I have pulled up the specs on one of the chips used in ssd drives. This is not the only chip used, but the technology is very similar between these chips, and the functionality is typically the same, but speeds may vary.
NAND Flash Memory
MT29F2G08AABWP/MT29F2G16AABWP
MT29F4G08BABWP/MT29F4G16BABWP
MT29F8G08FABWP
• Endurance: 100,000 PROGRAM/ERASE cycles - this means the typical 2gb block can be written/erased 100,000 times.
• Page size:
x8: 2,112 bytes (2,048 + 64 bytes)
x16: 1,056 words (1,024 + 32 words)
• Block size: 64 pages (128K + 4K bytes)
• Device size: 2Gb: 2,048 blocks; 4Gb: 4,096 blocks;
8Gb: 8,192 blocks
• Read performance:
• Random read: 25μs
• Sequential read: 30ns (3V x8 only)
• Write performance:
• Page program: 300μs (TYP)
• Block erase: 2ms (TYP)
So, for those of you who 'ASSUME' that defragging will not improve performance, pay attention.
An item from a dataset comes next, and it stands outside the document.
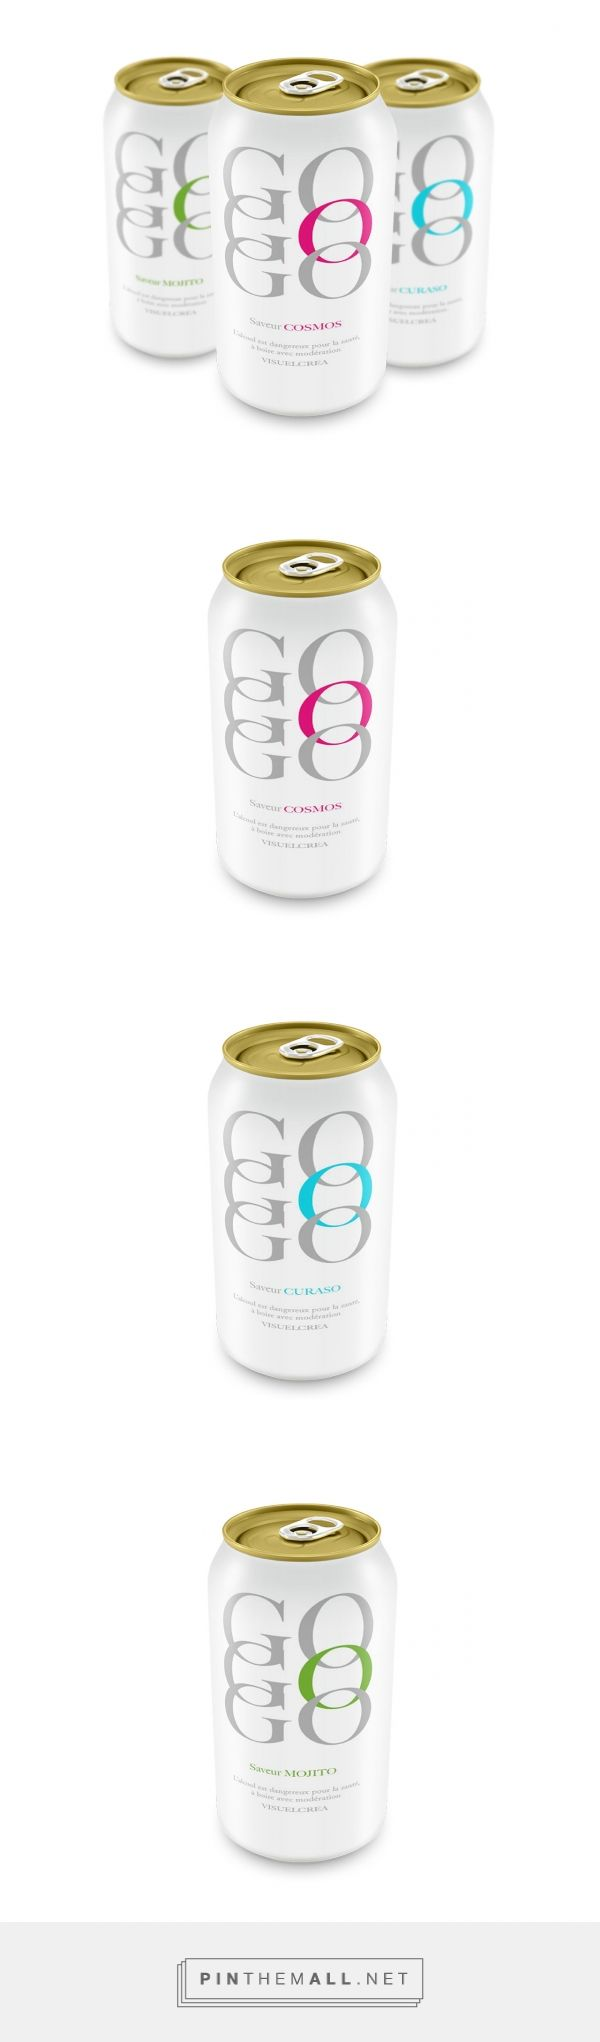 GO GO GO (Concept) - Packaging of the World - Creative Package Design Gallery - http://www.packagingoftheworld.com/2017/02/go-go-go-alcohol.html

a sequential read at the chip level is nearly 1000 times faster than a random read. now most of the reads on these drives will be sequential, because the data is written that way, but the more fragmented the drive is the more often its going to do a random access vs a sequential access.
So, performance WILL be improved if the drive is extremely fragmented.
BUT, since you have a very finite limit on the number of write/erase cycles, I wouldn't defrag a ssd more than one time, or at the very most very very seldom. (like once a year maybe at most)
Based on this information, I have a ssd for my OS, and I have a IDE drive for my data. And I'll be disabling my windows swap file, or moving it to my IDE Drive.